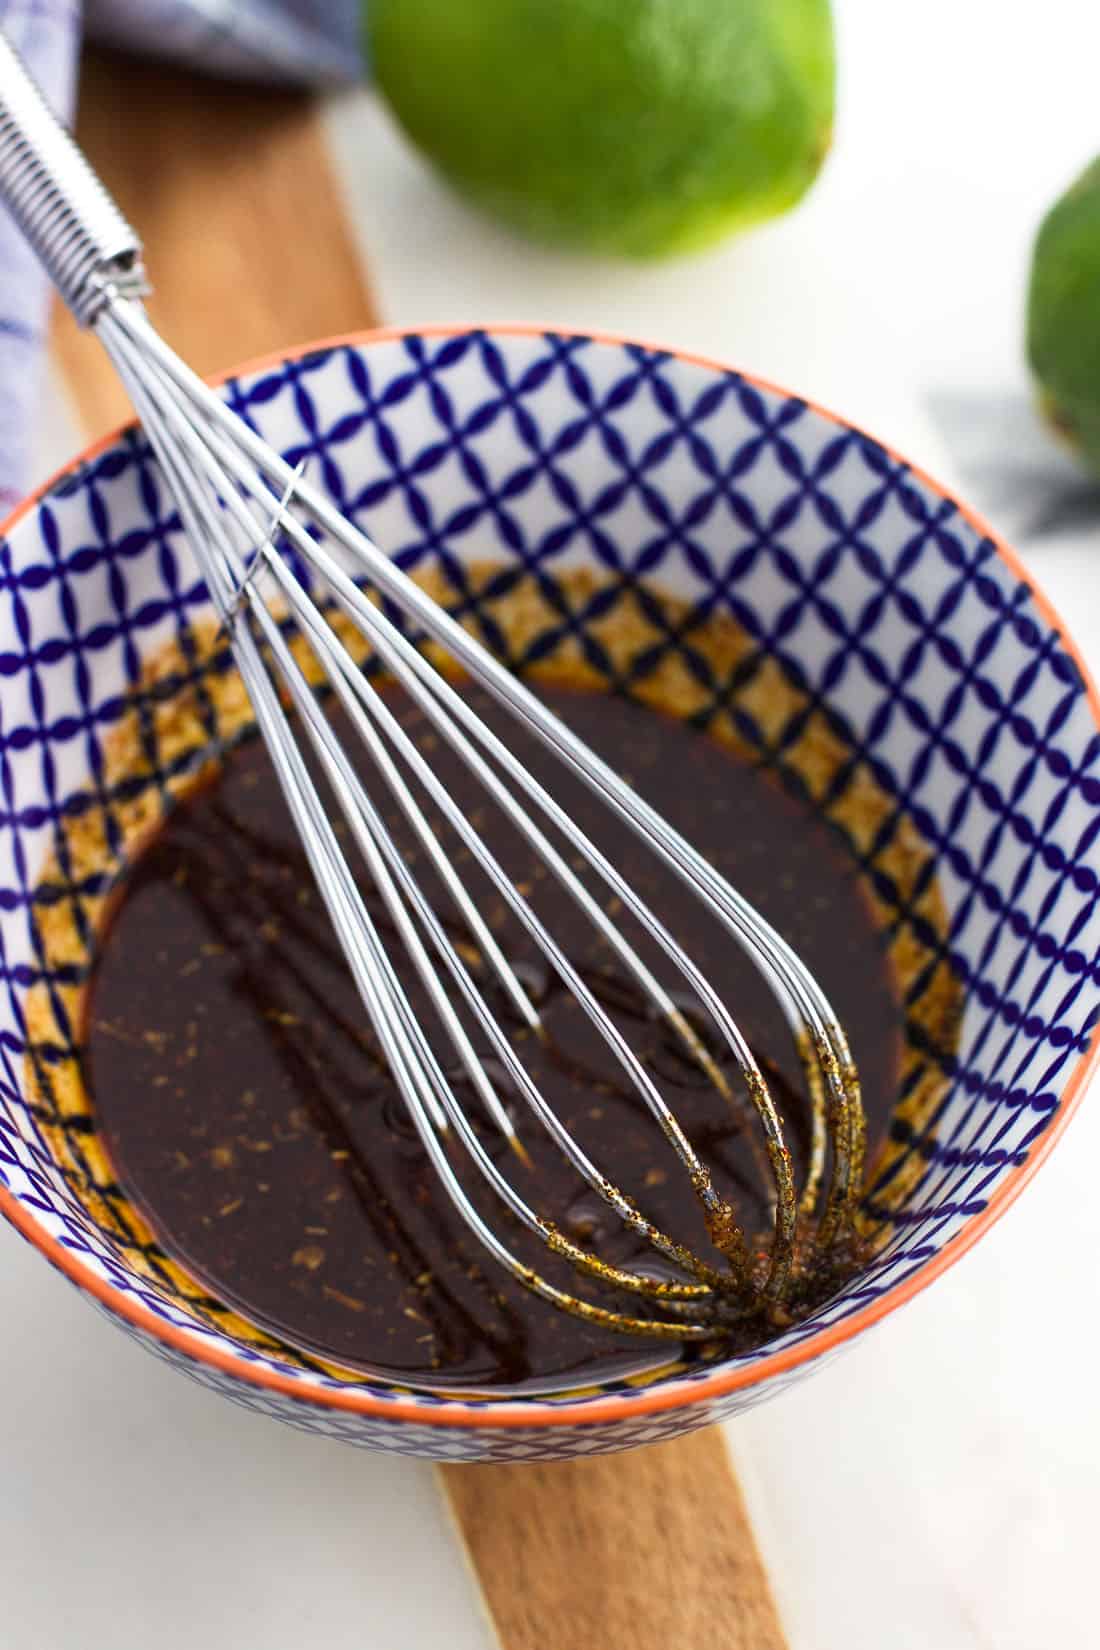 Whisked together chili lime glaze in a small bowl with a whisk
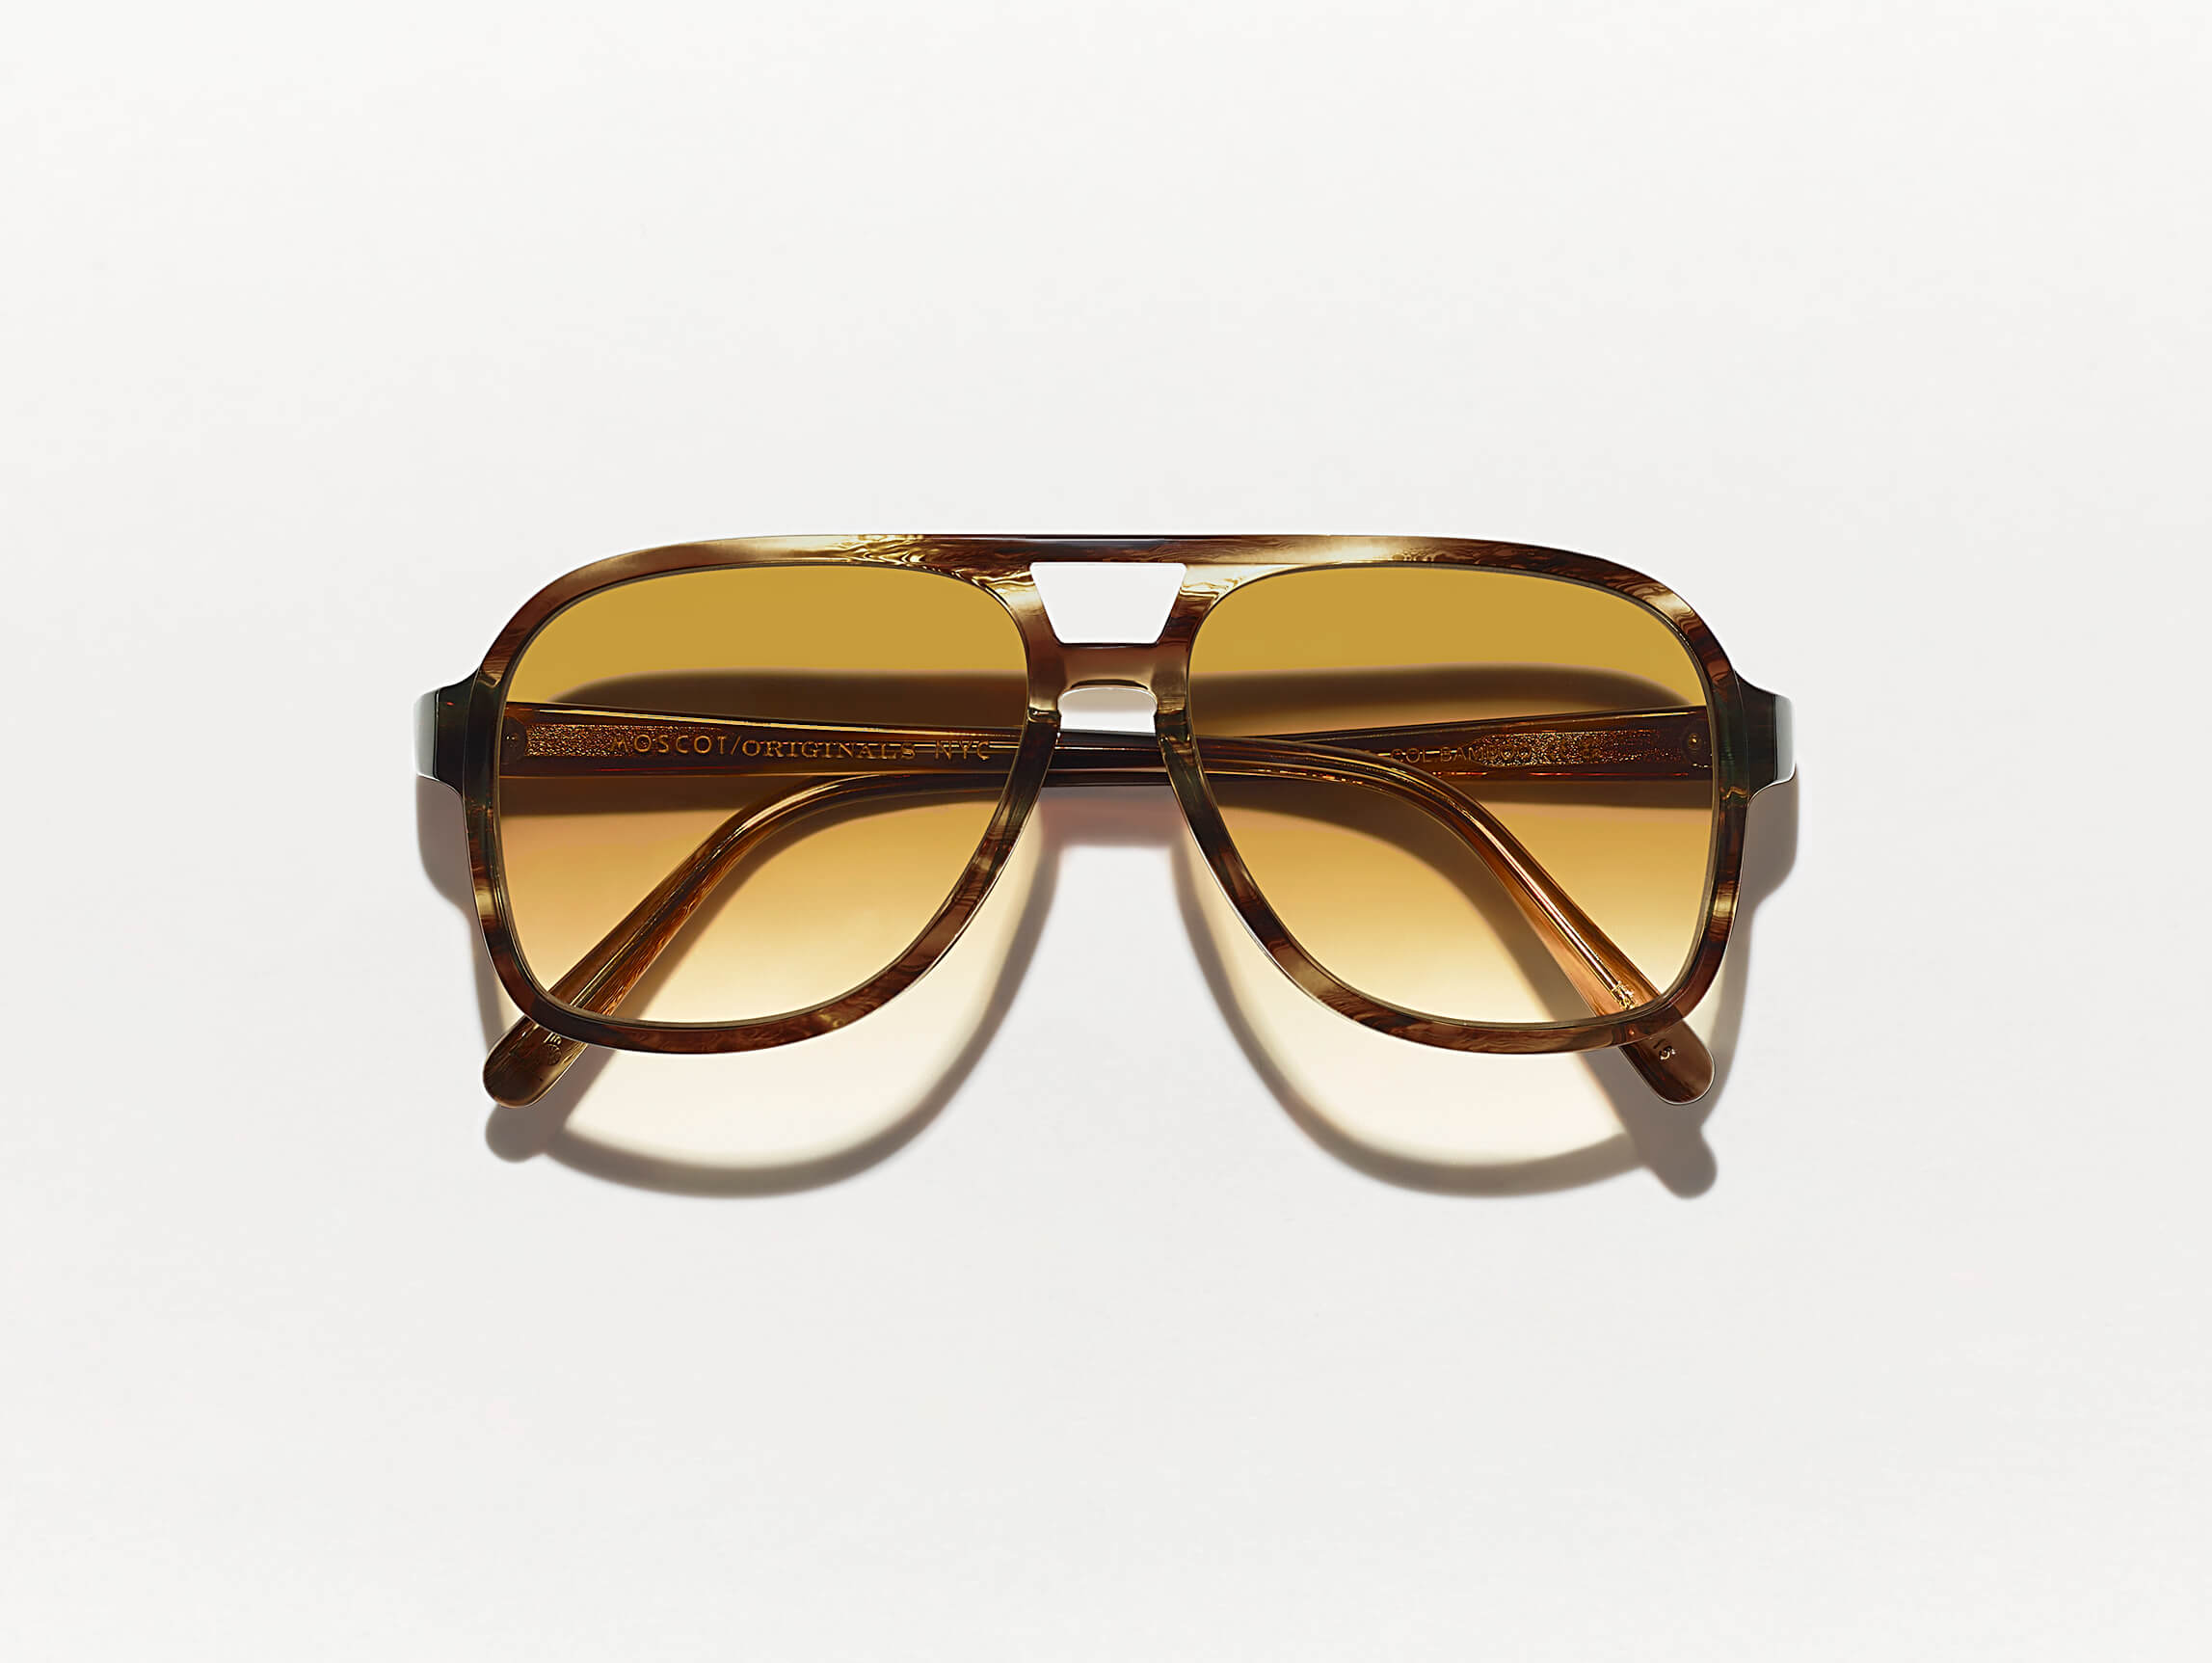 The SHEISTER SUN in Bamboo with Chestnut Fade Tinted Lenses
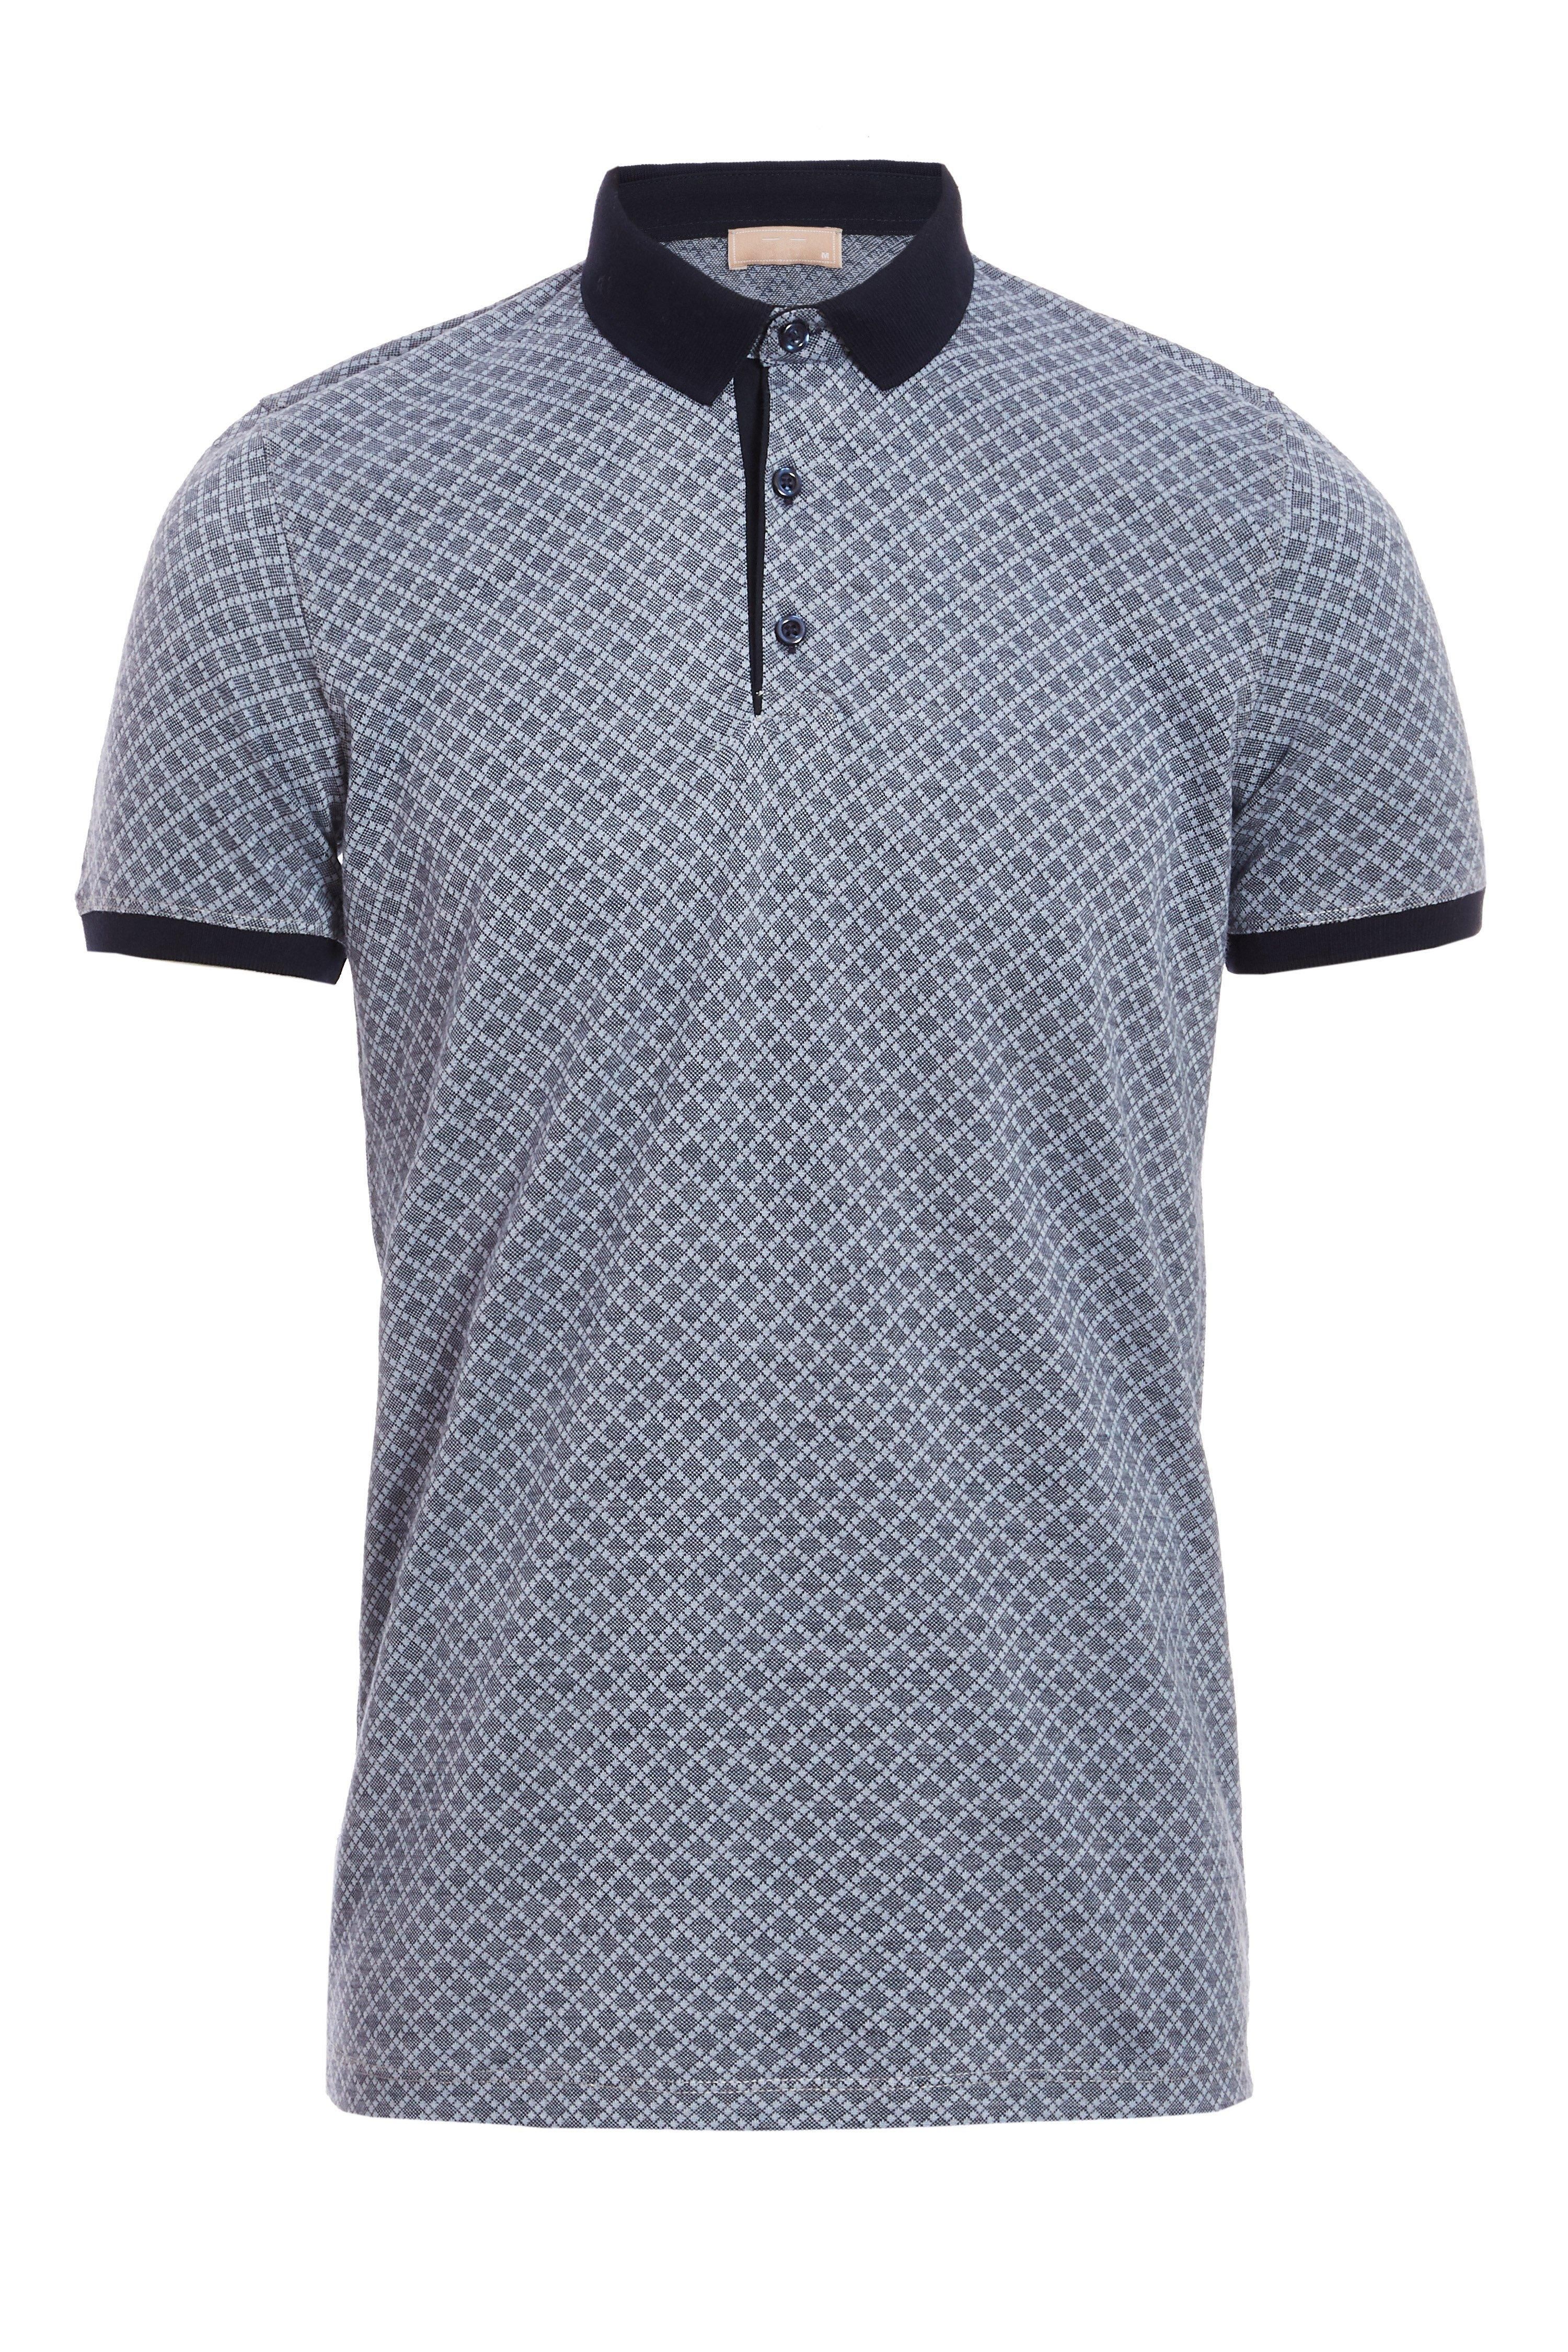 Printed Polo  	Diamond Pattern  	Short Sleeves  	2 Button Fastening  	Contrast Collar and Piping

:::

_YOUR INSTRUCTIONS_
Each line from the one containing "The SHEISTER SUN" through the last line of the data should be written out exactly. Skip the pictures, and add no other lines.

_WRITTEN REPLY_
 The SHEISTER SUN in Bamboo with Chestnut Fade Tinted Lenses
 Printed Polo  	Diamond Pattern  	Short Sleeves  	2 Button Fastening  	Contrast Collar and Piping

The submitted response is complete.